Брабанцио -один из тех, кому отдает свою силу, военное умение, свою кровь Отелло. И сенатор, добрый и щедрый хозяин, не только хорошо награждает, но и обращается с Отелло, как с равным. Но стоит Отелло действительно стать вровень с ним, как он требует костра для "язычника и подлого раба".

Век прошлый и век настоящий - это обычная тема столкновения отцов и детей. В "Отелло" это век прошлый и век будущий.

В будущем - счастье Отелло и Дездемоны, в прошлом - горе и злоба Брабанцио.

* * *

Чтений пьесы мало совпадает с обычным чтением, особенно это относится к пьесам Шекспира. Кроме видимого текста, существует еще текст, лежащий между словами, сквозящий сквозь слова, - множество невидимых знаков, определяющих интонацию, взгляд, поступь действующих лиц.

Мало что можно прочесть о Доже в сцене сената. Дож справедлив, заинтересован в исходе войны, любит Отелло, дает благодушные советы Брабанцио и уходит со сцены, пожелав всем доброй ночи, как малозаметный персонаж.

Роль без характера.

Мелькнувший на несколько минут на сцене старинный портрет.

Но стоит нам прочесть находящиеся между слов (а иногда и вне слов) знаки эпохи, невидимые слова времени, и Дож обретает голос, взгляд, походку.

Сегодня же, сейчас же ночью должен ехать Отелло в бой. Идет война, и сухая и жесткая рука власти направляет ее ход. Непреклонная воля, направленная к государственной цели, сметает, как пустяк, оскорбленное самолюбие, честь сословия, обвинение в колдовстве.

И дело решает вовсе не замечательная речь Отелло и не отсутствие доказательств у Брабанцио (как будто в эту эпоху важны были доказательства при обвинении в колдовстве черного иноземца); исход известен заранее. Яго знает решение сената еще до первого слова, произнесенного Дожем.

 "...наш сенат, я знаю, не накажет 
 Отставкою его, а разве легкий 
 Даст выговор: он так необходим 
 Сенаторам для предстоящей кипрской войны..."

На два раздела делятся поступки и слова Дожа: на то, что подчинено прямой цели, к достижению которой устремлена его воля, и на обход досадных задержек, мелких и глупых дел, на которые приходится обращать внимание.

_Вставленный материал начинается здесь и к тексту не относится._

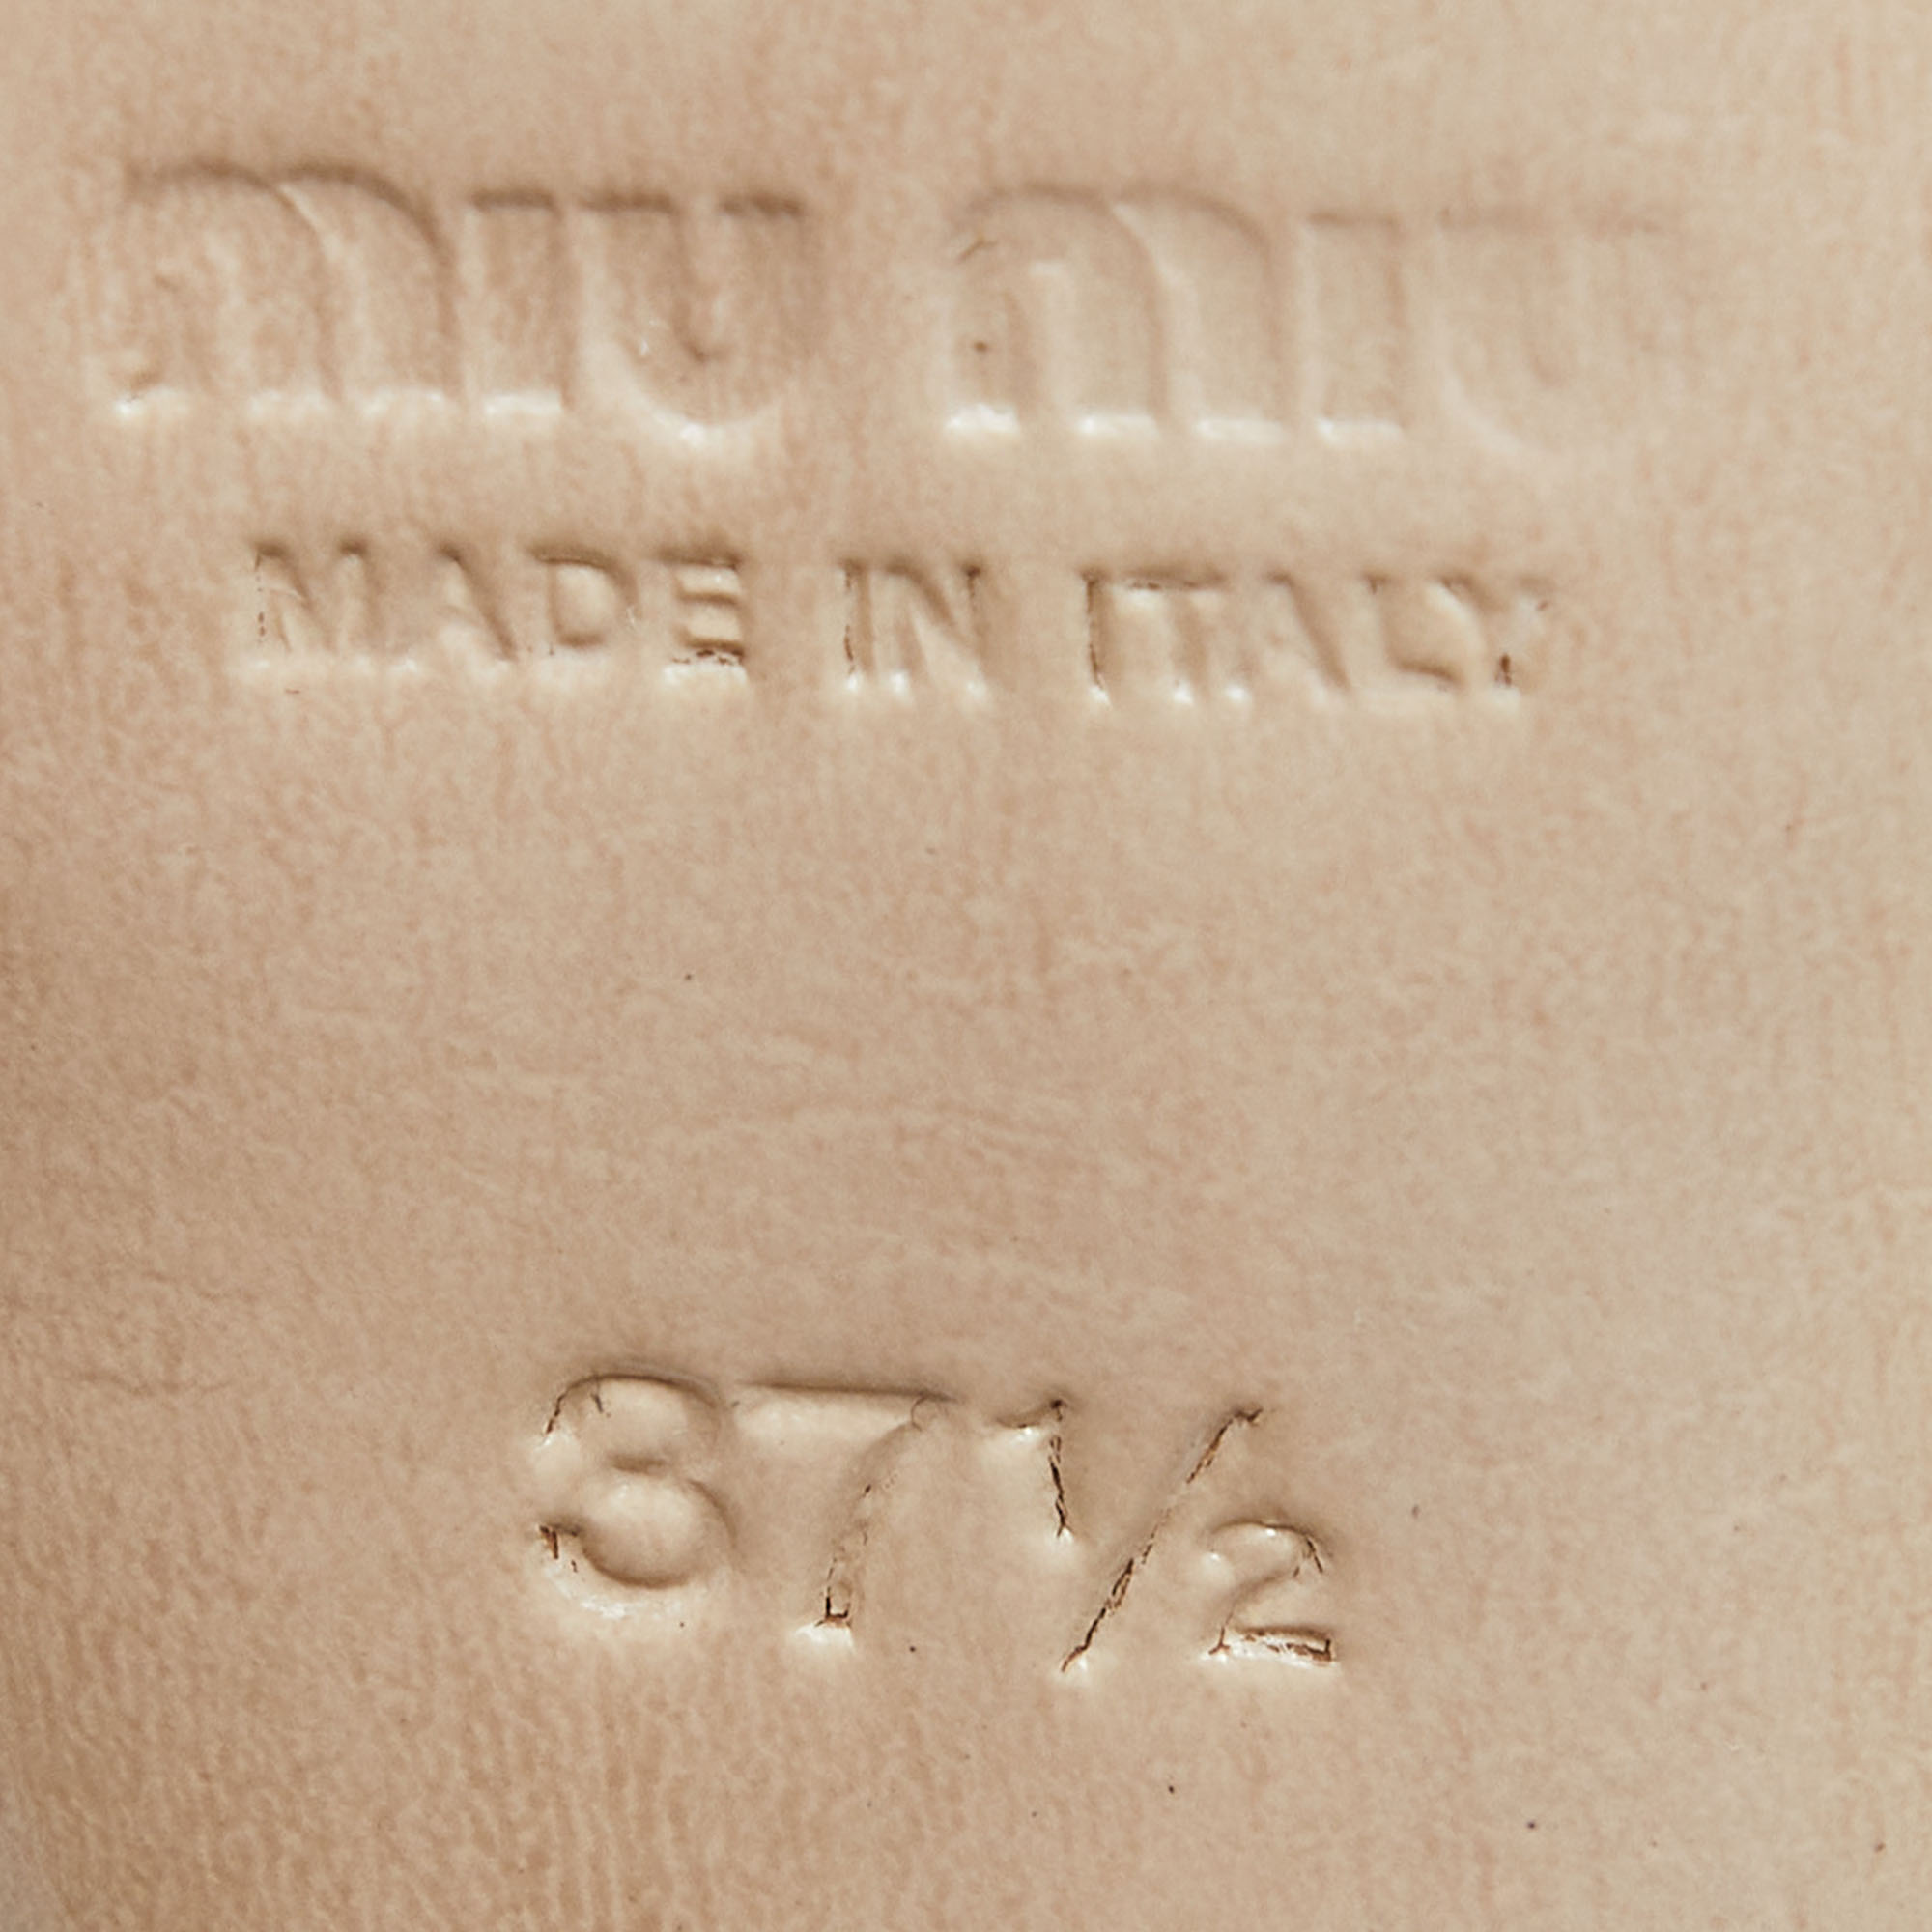 Miu Miu Pink Patent Leather Crystal Embellished Heel Platform Sandals Size 37.5

Основное в образе Дожа - холодный государственный ум и жесткая воля. Тщетные попытки примирения влюбленной пары с обиженным отцом - не более чем привычная, изрядно фальшивая улыбка доброты, о которой так часто можно читать в описаниях внешности государственных деятелей этой эпохи.

Дож - глава Венецианской республики, создавшей классическую школу дипломатии, образец для всего мира (в XVI веке обязанности дипломата определялись так: "Муж добрый, отправленный на чужбину, дабы там лгать на пользу своей стране", - так писал английский посол во Франции сэр Генри Уоттон).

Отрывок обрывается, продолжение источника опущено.